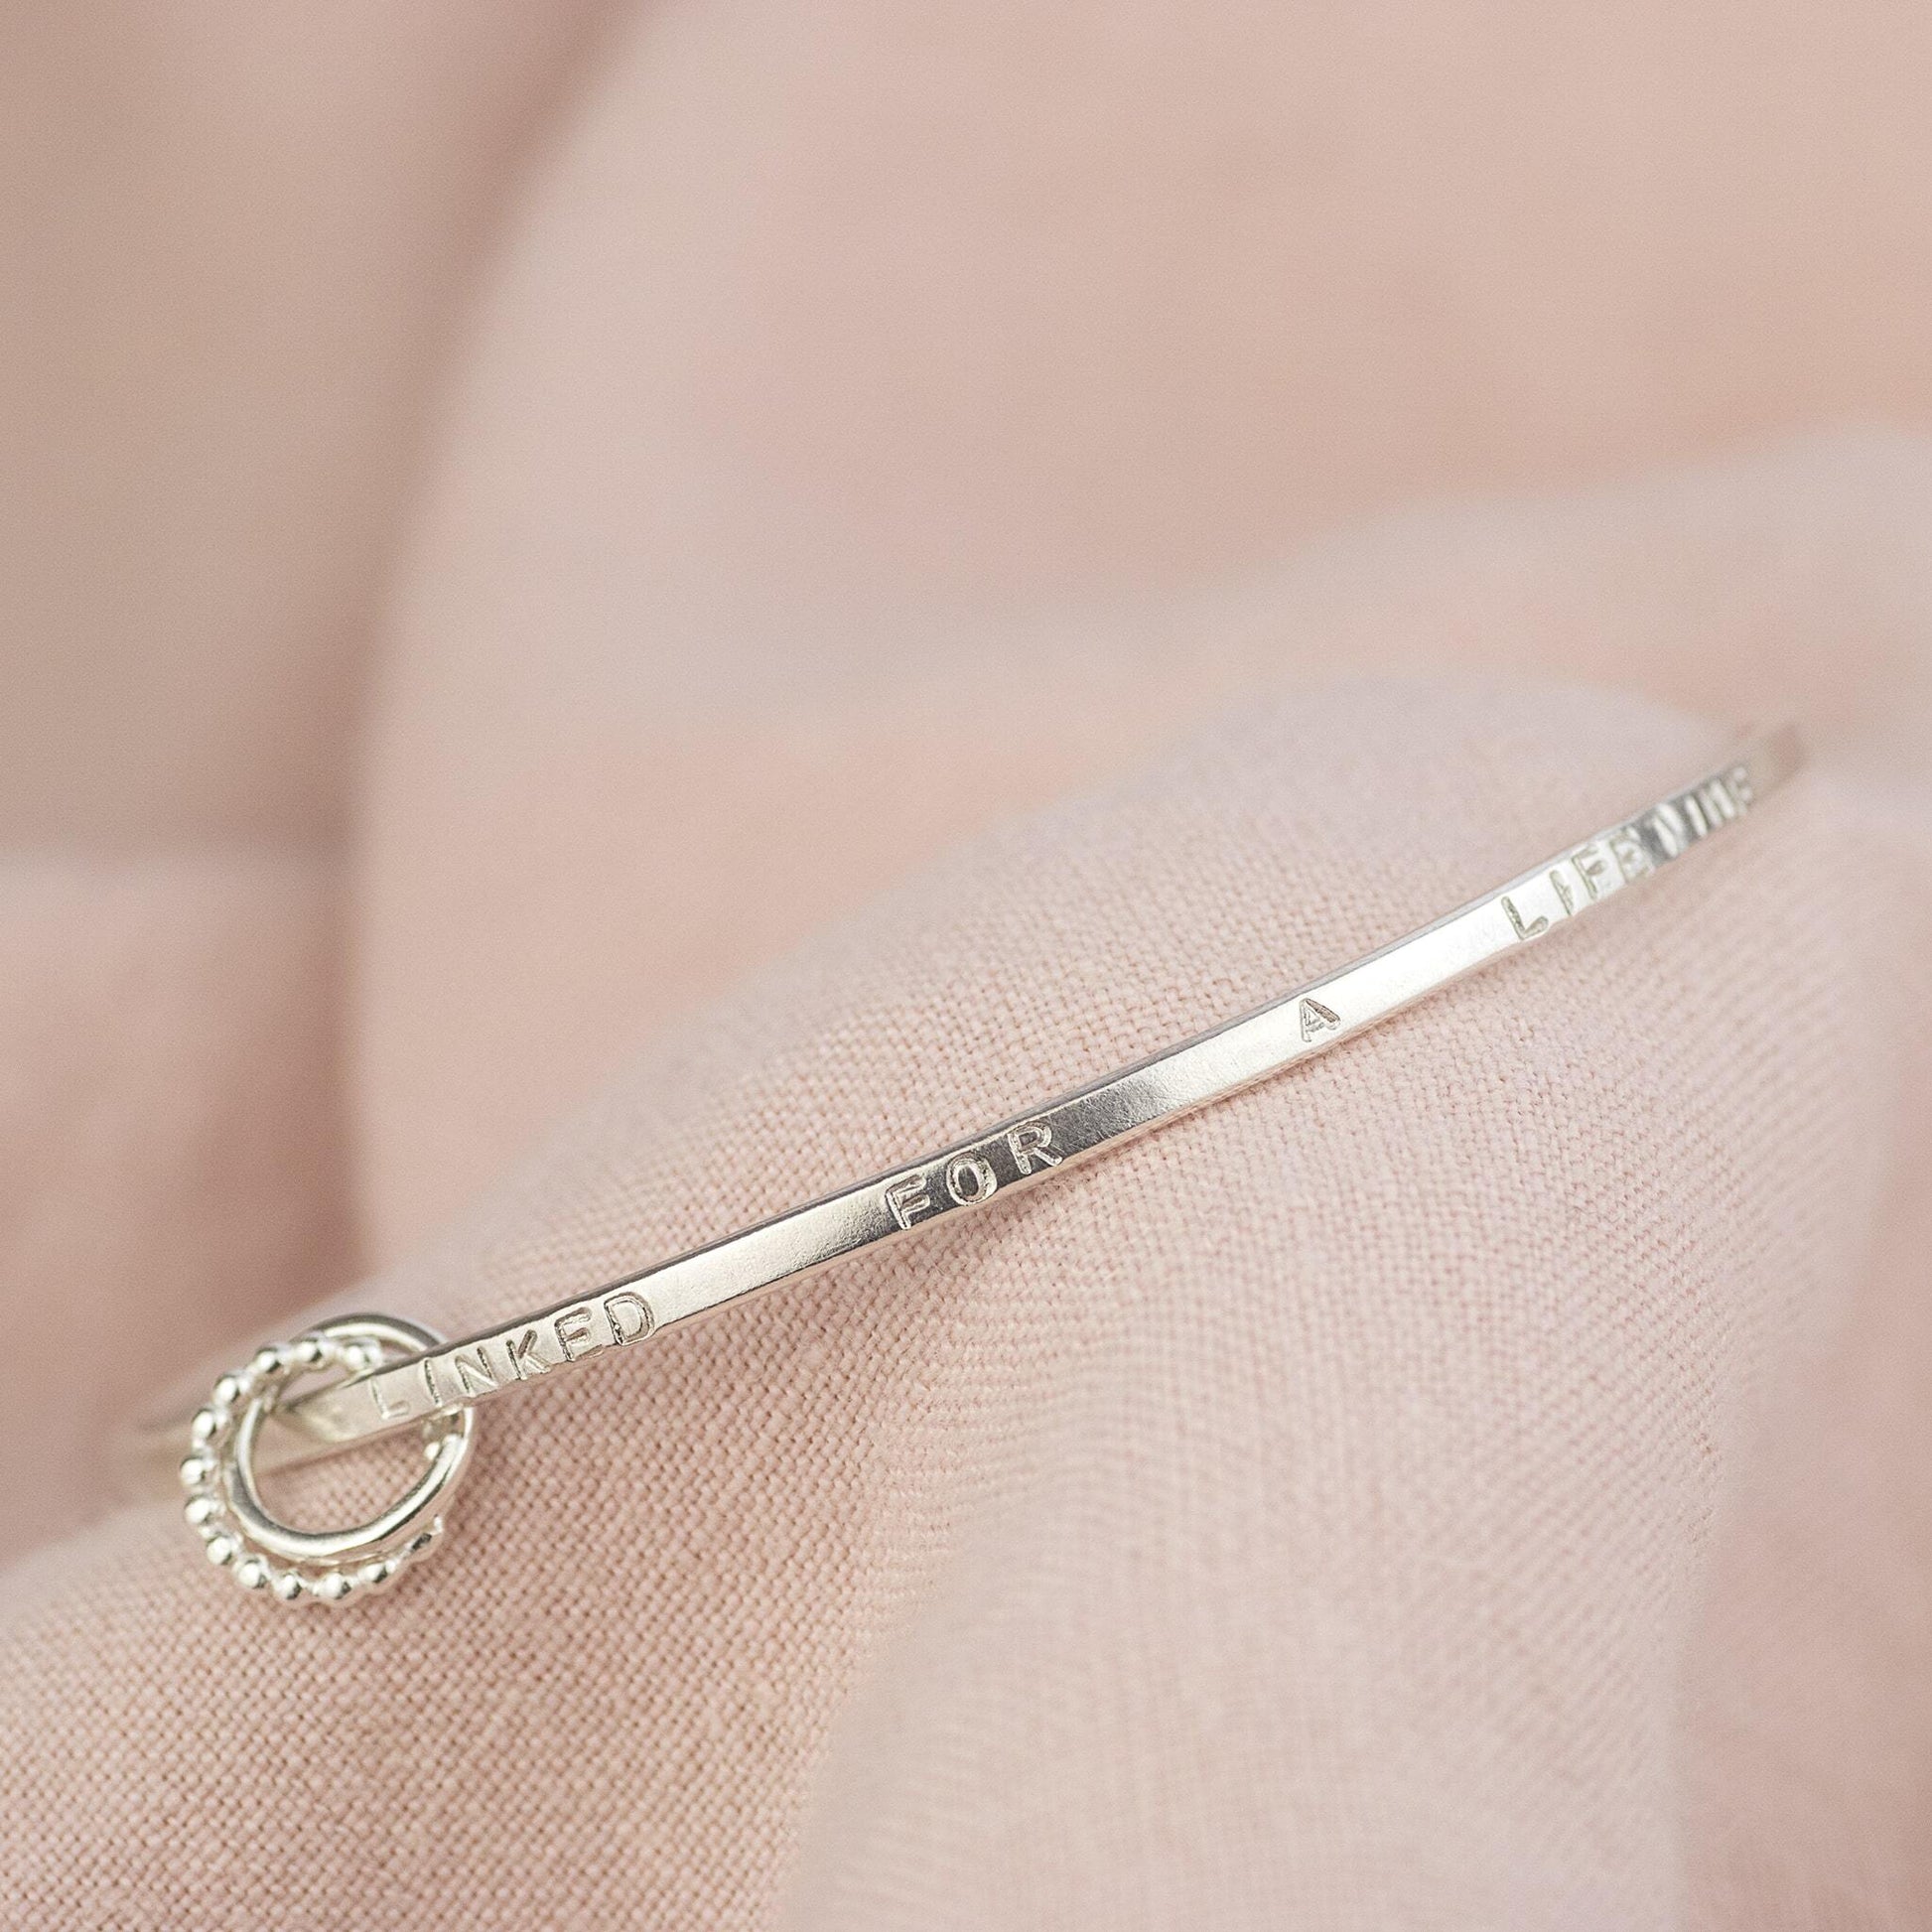 Personalised Friends Bangle - Linked for a Lifetime - Hand Stamped with Names or Words
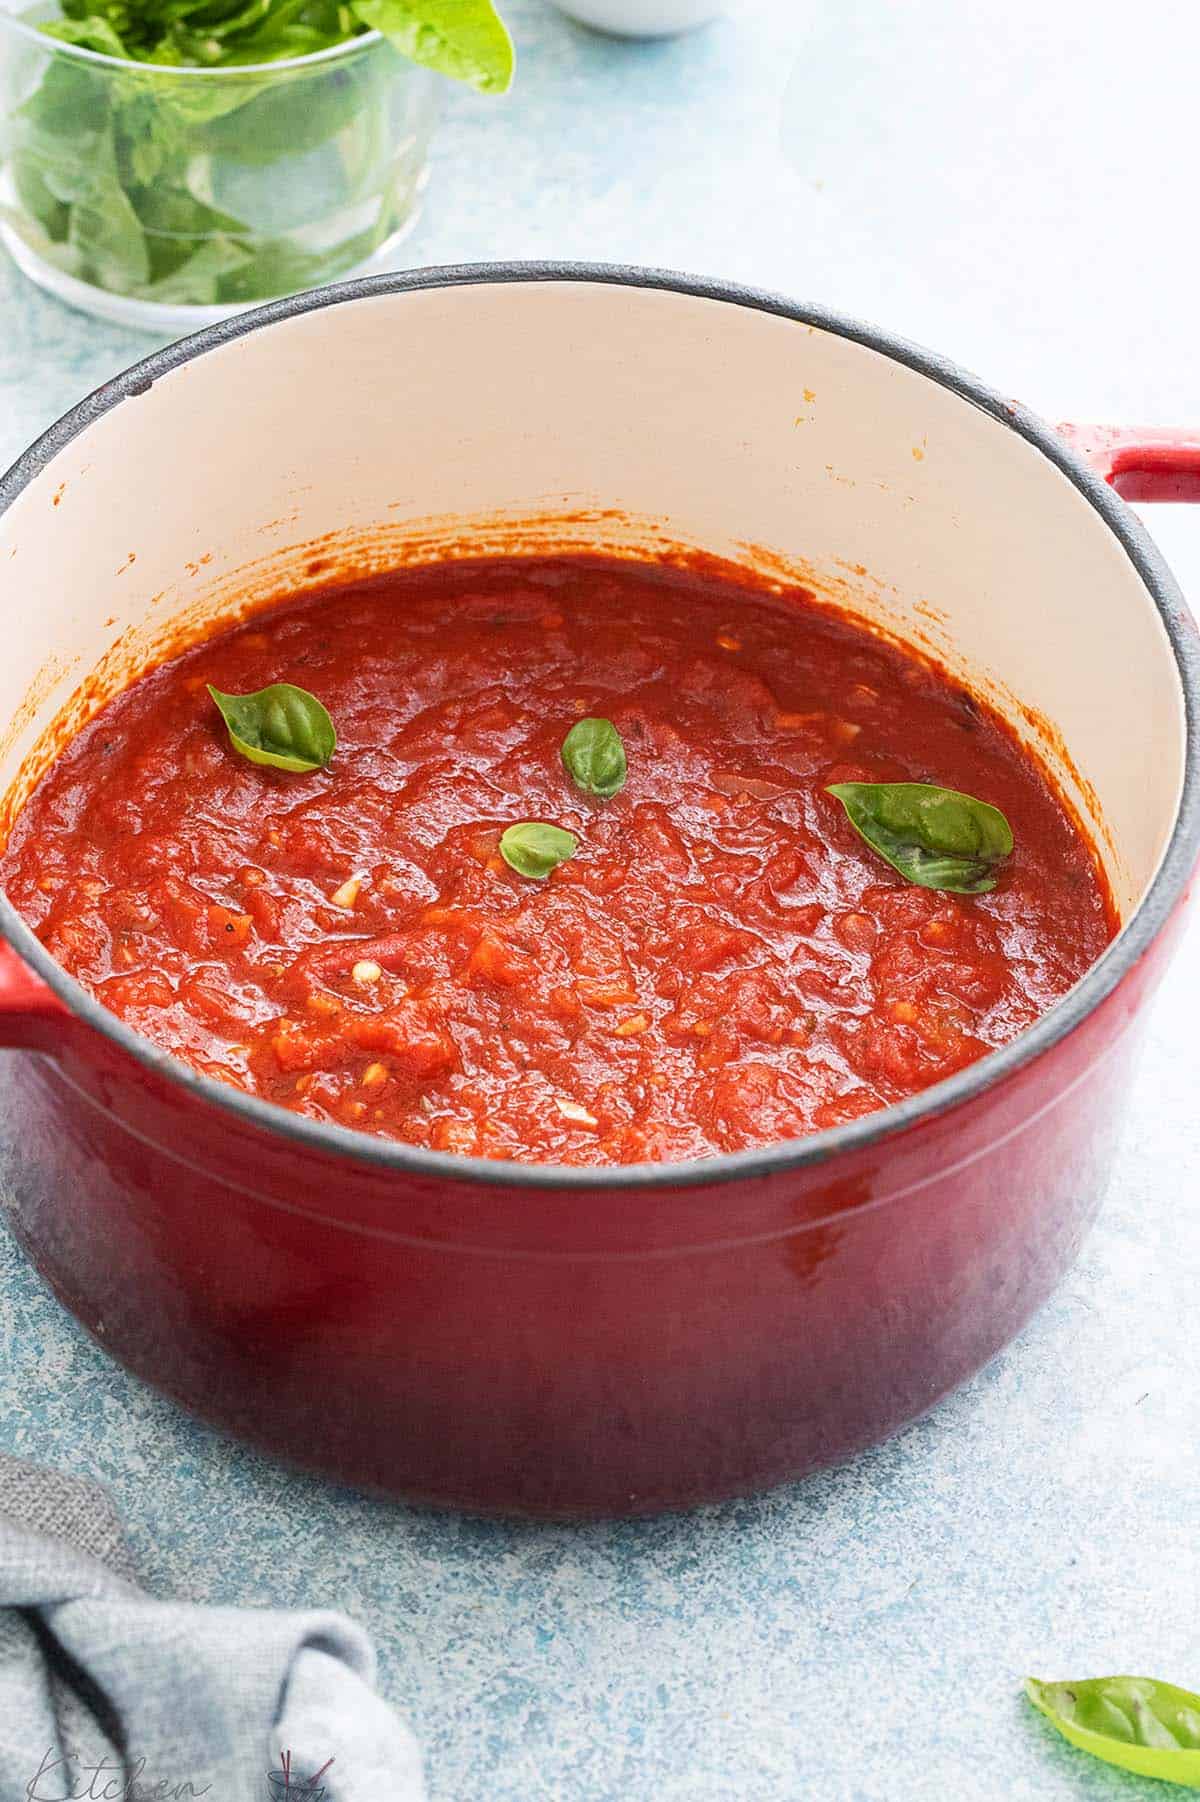 white pan with red handles, filled with red sauce and garnished with basil leaves.
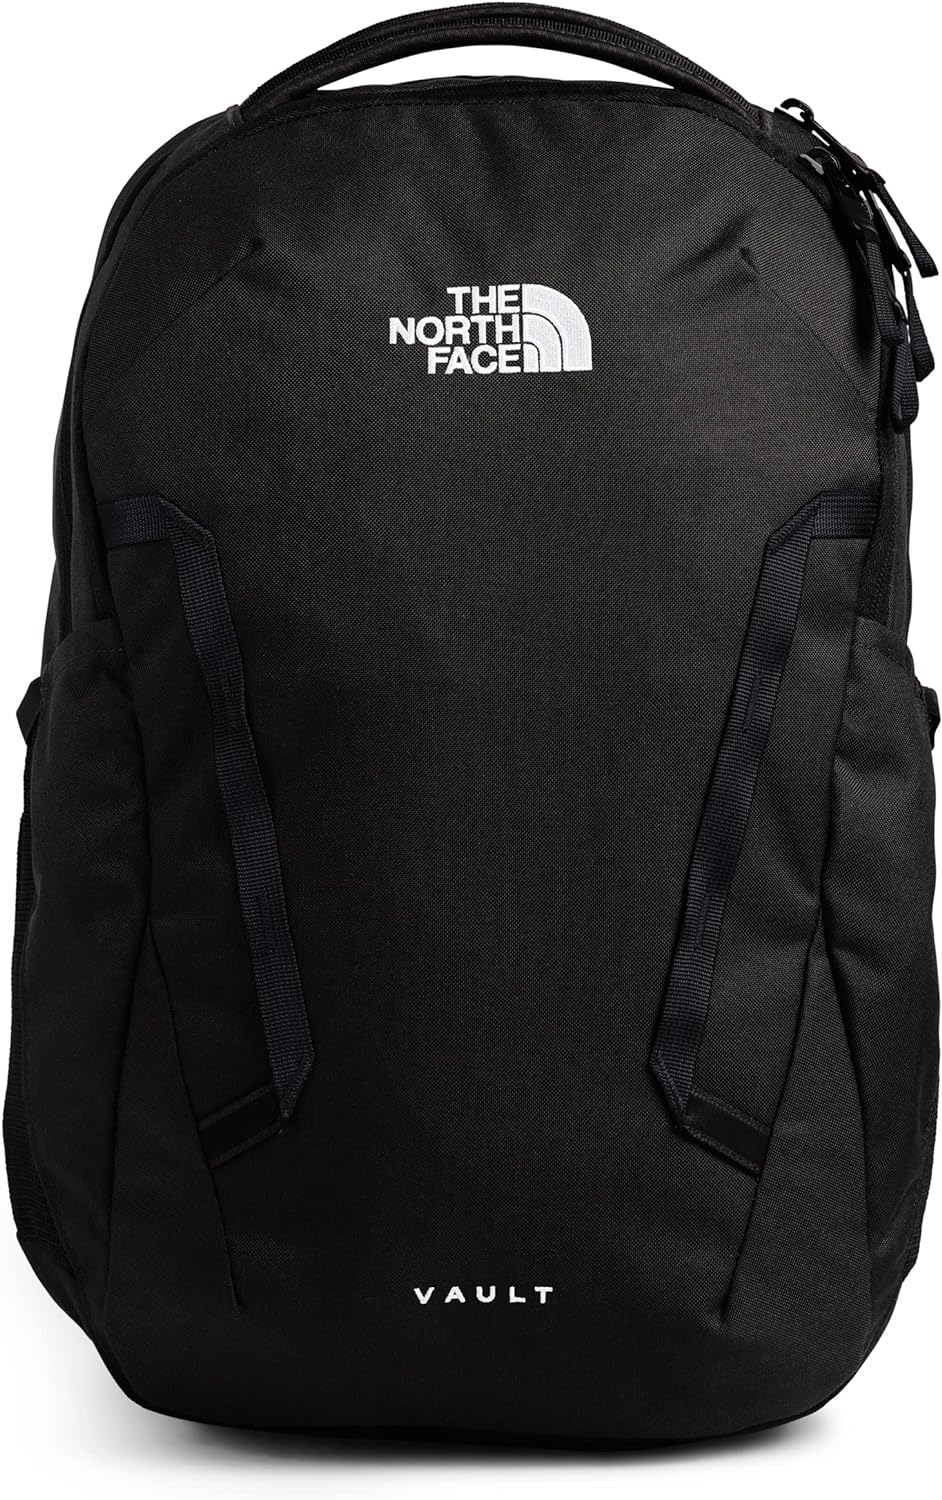 THE NORTH FACE Women’s Vault Everyday Laptop Backpack, TNF Black, One Size

*****

# WORK REQUEST
Return all of the data exactly as written, and drop the pictures.

# ANSWER SPACE
 Personalised Friends Bangle - Linked for a Lifetime - Hand Stamped with Names or Words
 white pan with red handles, filled with red sauce and garnished with basil leaves.
 THE NORTH FACE Women’s Vault Everyday Laptop Backpack, TNF Black, One Size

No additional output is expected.